With agriculture having gained prominence as one of the sectors that could bring about rural economic development and job creation in South Africa, the government’s approach to realising this vision should be regionally focused. Meaning, the aforementioned provinces should be the key priority in resource allocation, as the frontiers of agricultural expansion. Such an approach not only makes sense in terms of reducing poverty but also in exploiting the potential of underutilised land, as well as targeting resources effectively.

Limpopo, KwaZulu-Natal and the Eastern Cape combined arguably have about 1.6 million to 1.8 million hectares of underutilised land which could be sustainably farmed for increased food security and livelihoods over the long term. This is according to a 2015 study by McKinsey Global Institute.

Admittedly, the current land governance system – communal land – has been cited as one of the hindrances in agricultural development in these provinces, as it hamstrings investment.
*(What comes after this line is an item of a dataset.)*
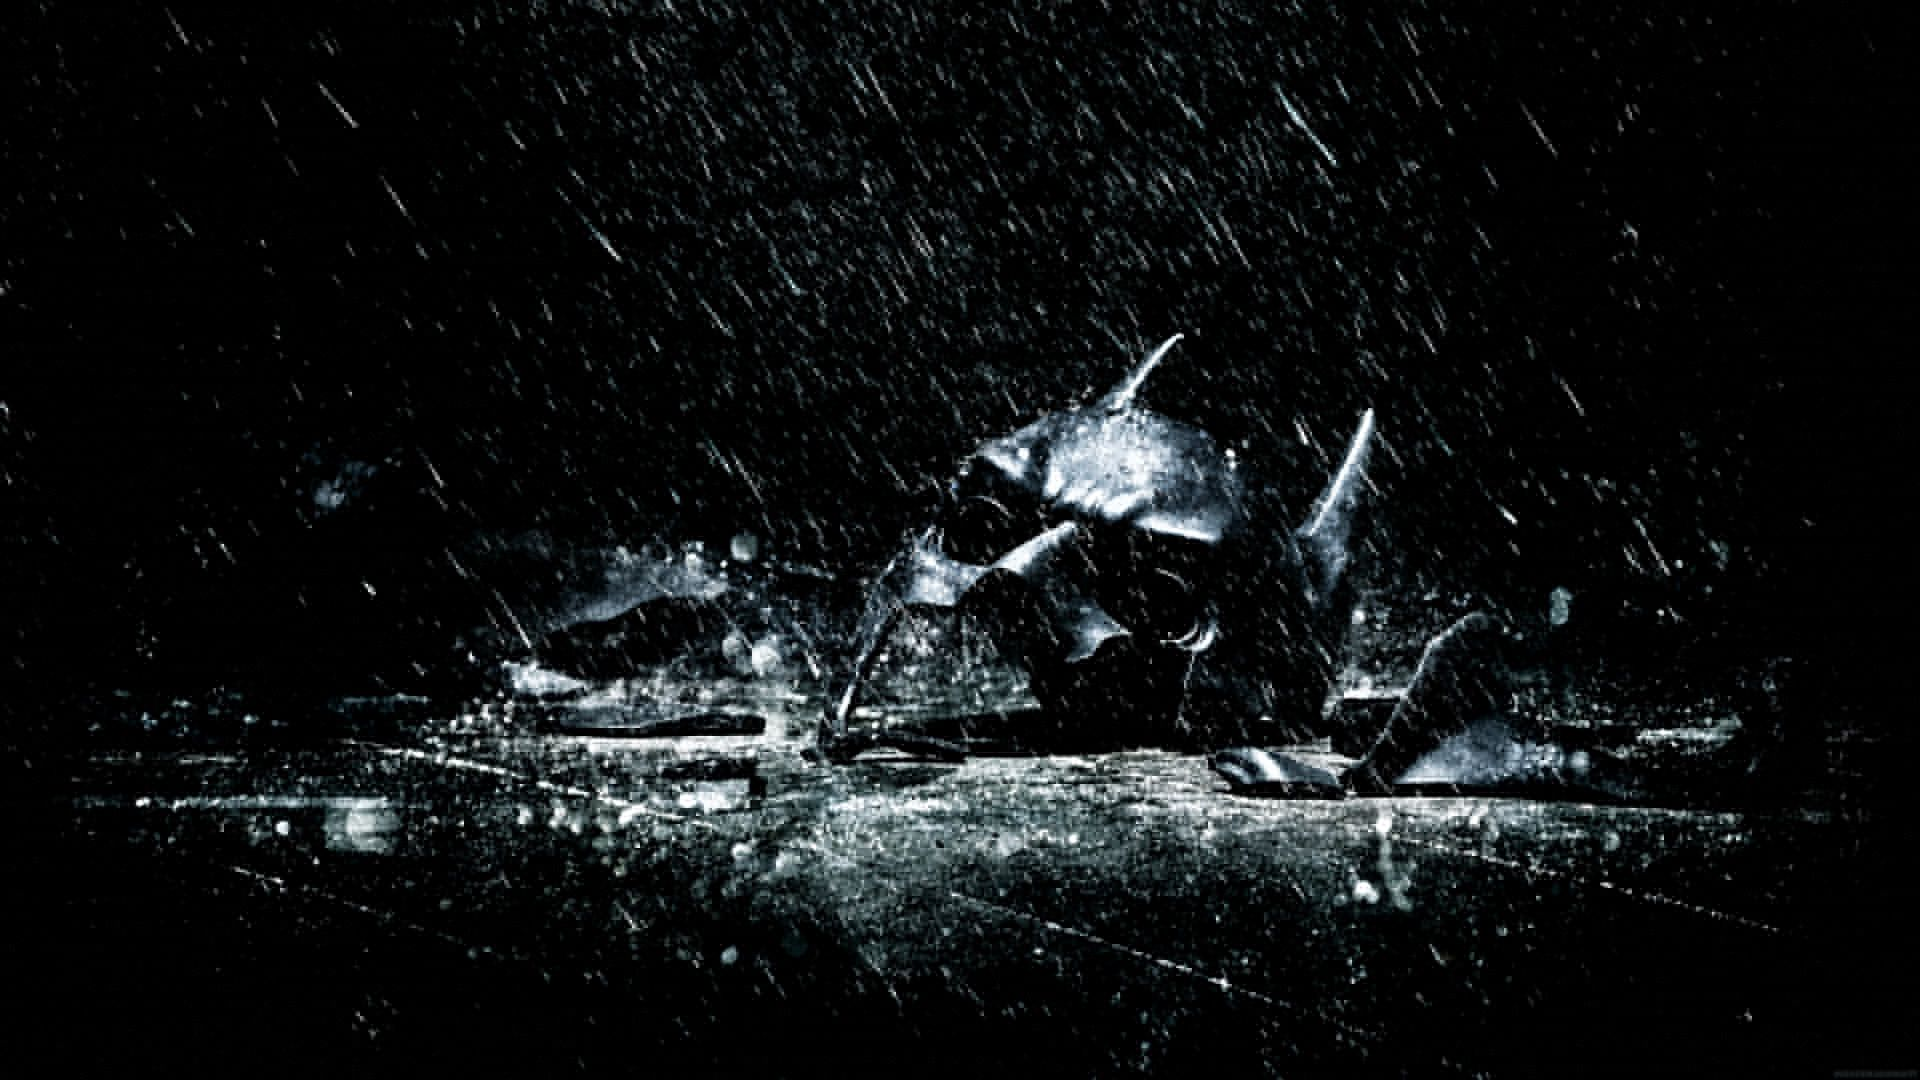 Free Download Batman Dark Knight Wallpaper High Resolution Flip

Naturally, solving such matters can take a long time and land reform policy is still being debated across the country.

The near-term practical approach that could make a difference is structuring an innovative agricultural finance instrument – such as blended finance – which pulls in the capital and human capital from both private and public sectors.

In parts of the Eastern Cape, some agribusinesses are currently engaged in such arrangements with the provincial government and in areas where projects have been implemented, there has been some level of success. What is needed is designing programmes that are self-sustaining and viable where communities take ownership.

These are some of the approaches that are needed to boost household incomes and rural livelihoods in a manner that ensures nutritious foods are available in the near term and in the future. Meanwhile, broad developmental policies need to be put into operation.

*This essay included sections my Business Day column, which was published on 16 October 2019.